Cisco Aironet 1400 Series Wireless Bridges Software Configuration Guide

OL-4059-01

Chapter 8

Configuring Spanning Tree Protocol

Understanding Spanning Tree Protocol

The bridge maintains a separate spanning-tree instance for each active VLAN configured on it. A bridge

ID, consisting of the bridge priority and the bridge MAC address, is associated with each instance. For

each VLAN, the bridge with the lowest bridge ID becomes the spanning-tree root for that VLAN.

Bridge Protocol Data Units

The stable, active spanning-tree topology of your network is determined by these elements:

•

The unique bridge ID (wireless bridge priority and MAC address) associated with each VLAN on

each wireless bridge

•

The spanning-tree path cost to the spanning-tree root

•

The port identifier (port priority and MAC address) associated with each Layer 2 interface

When the bridges in a network are powered up, each bridge functions as the STP root. The bridges send

configuration BPDUs through the Ethernet and radio ports. The BPDUs communicate and compute the

spanning-tree topology. Each configuration BPDU contains this information:

•

The unique bridge ID of the wireless bridge that the sending bridge identifies as the spanning-tree

root

•

The spanning-tree path cost to the root

•

The bridge ID of the sending bridge

•

Message age

•

The identifier of the sending interface

•

Values for the hello, forward delay, and max-age protocol timers

When a bridge receives a configuration BPDU that contains

superior

information (lower bridge ID,

lower path cost, and so forth), it stores the information for that port. If this BPDU is received on the root

port of the bridge, the bridge also forwards it with an updated message to all attached LANs for which

it is the designated bridge.

If a bridge receives a configuration BPDU that contains

inferior

information to that currently stored for

that port, it discards the BPDU. If the bridge is a designated bridge for the LAN from which the inferior

BPDU was received, it sends that LAN a BPDU containing the up-to-date information stored for that

port.
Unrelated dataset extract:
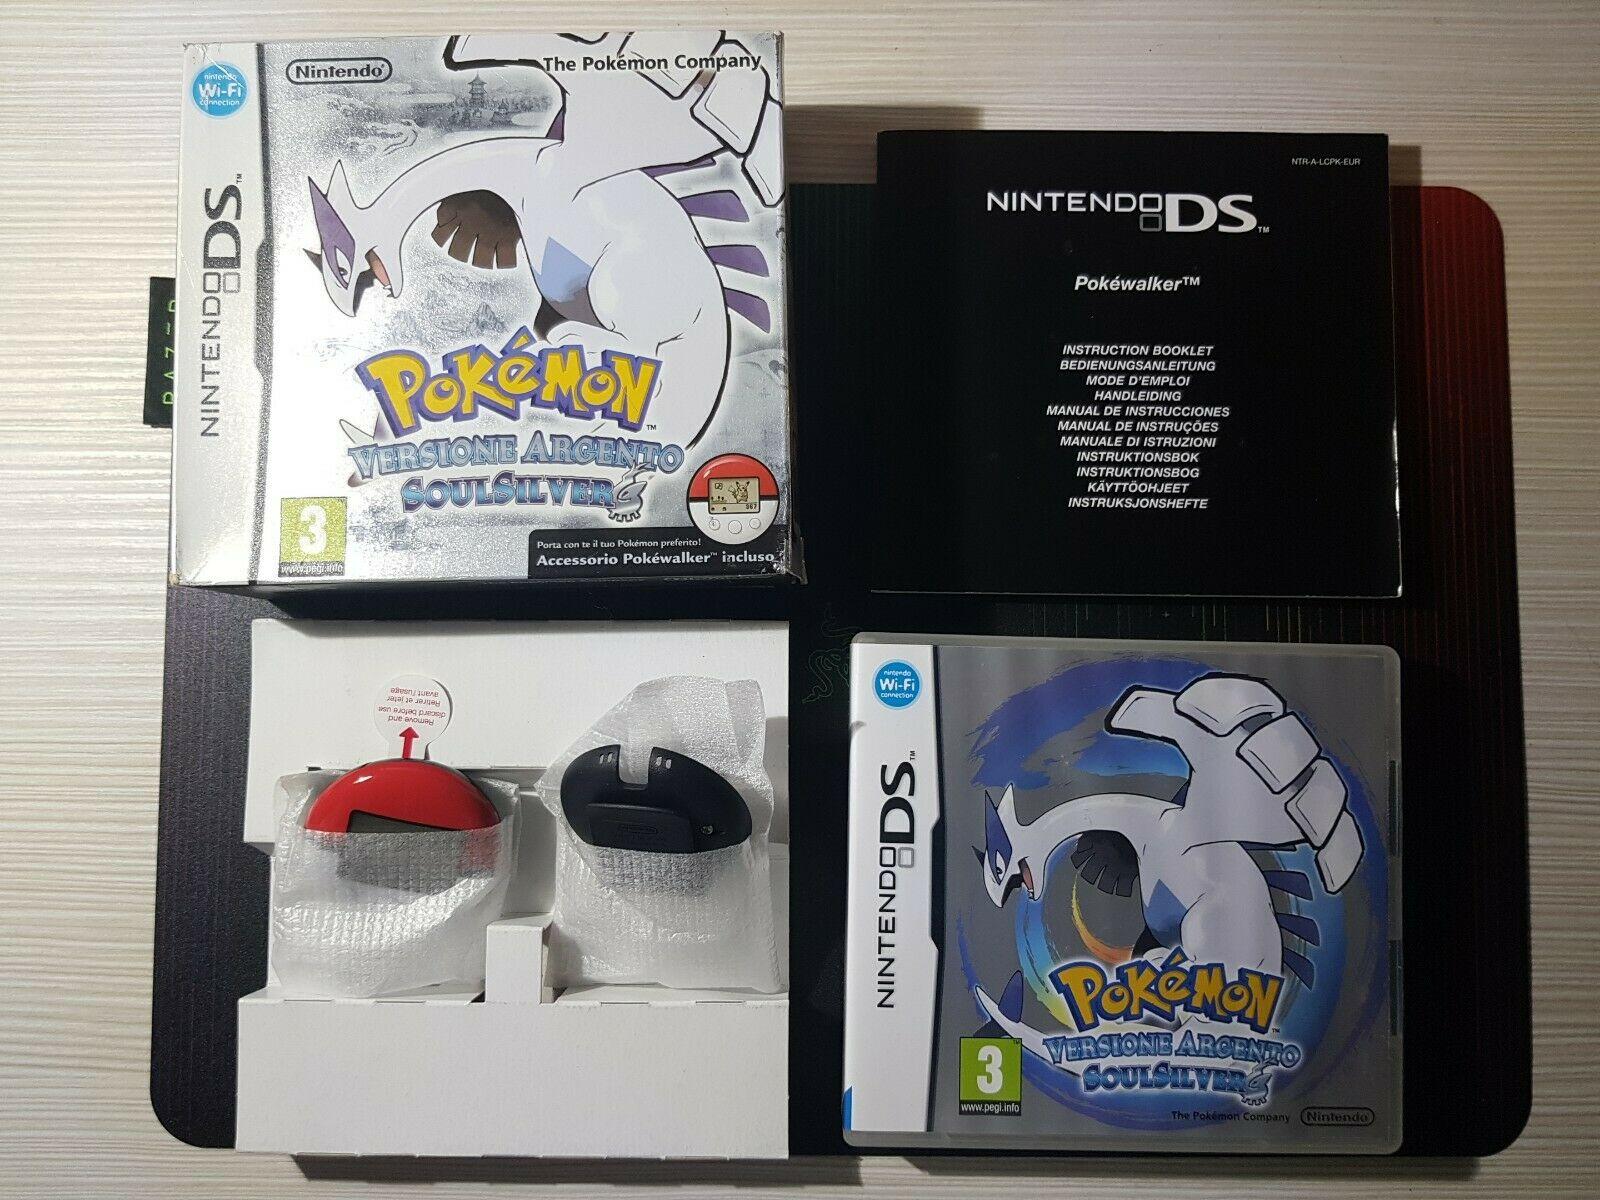 Panoramica Pokémon Versione Argento SoulSilver con Pokewalker

In this way, inferior information is discarded, and superior information is propagated on the

network.

A BPDU exchange results in these actions:

•

One bridge is elected as the spanning-tree root.

•

A root port is selected for each bridge (except the spanning-tree root). This port provides the best

path (lowest cost) when the bridge forwards packets to the spanning-tree root.

•

The shortest distance to the spanning-tree root is calculated for each bridge based on the path cost.

•

A designated bridge for each LAN segment is selected. The designated bridge incurs the lowest path

cost when forwarding packets from that LAN to the spanning-tree root. The port through which the

designated bridge is attached to the LAN is called the

designated port

•

Interfaces included in the spanning-tree instance are selected. Root ports and designated ports are

put in the forwarding state.

•

All interfaces not included in the spanning tree are blocked.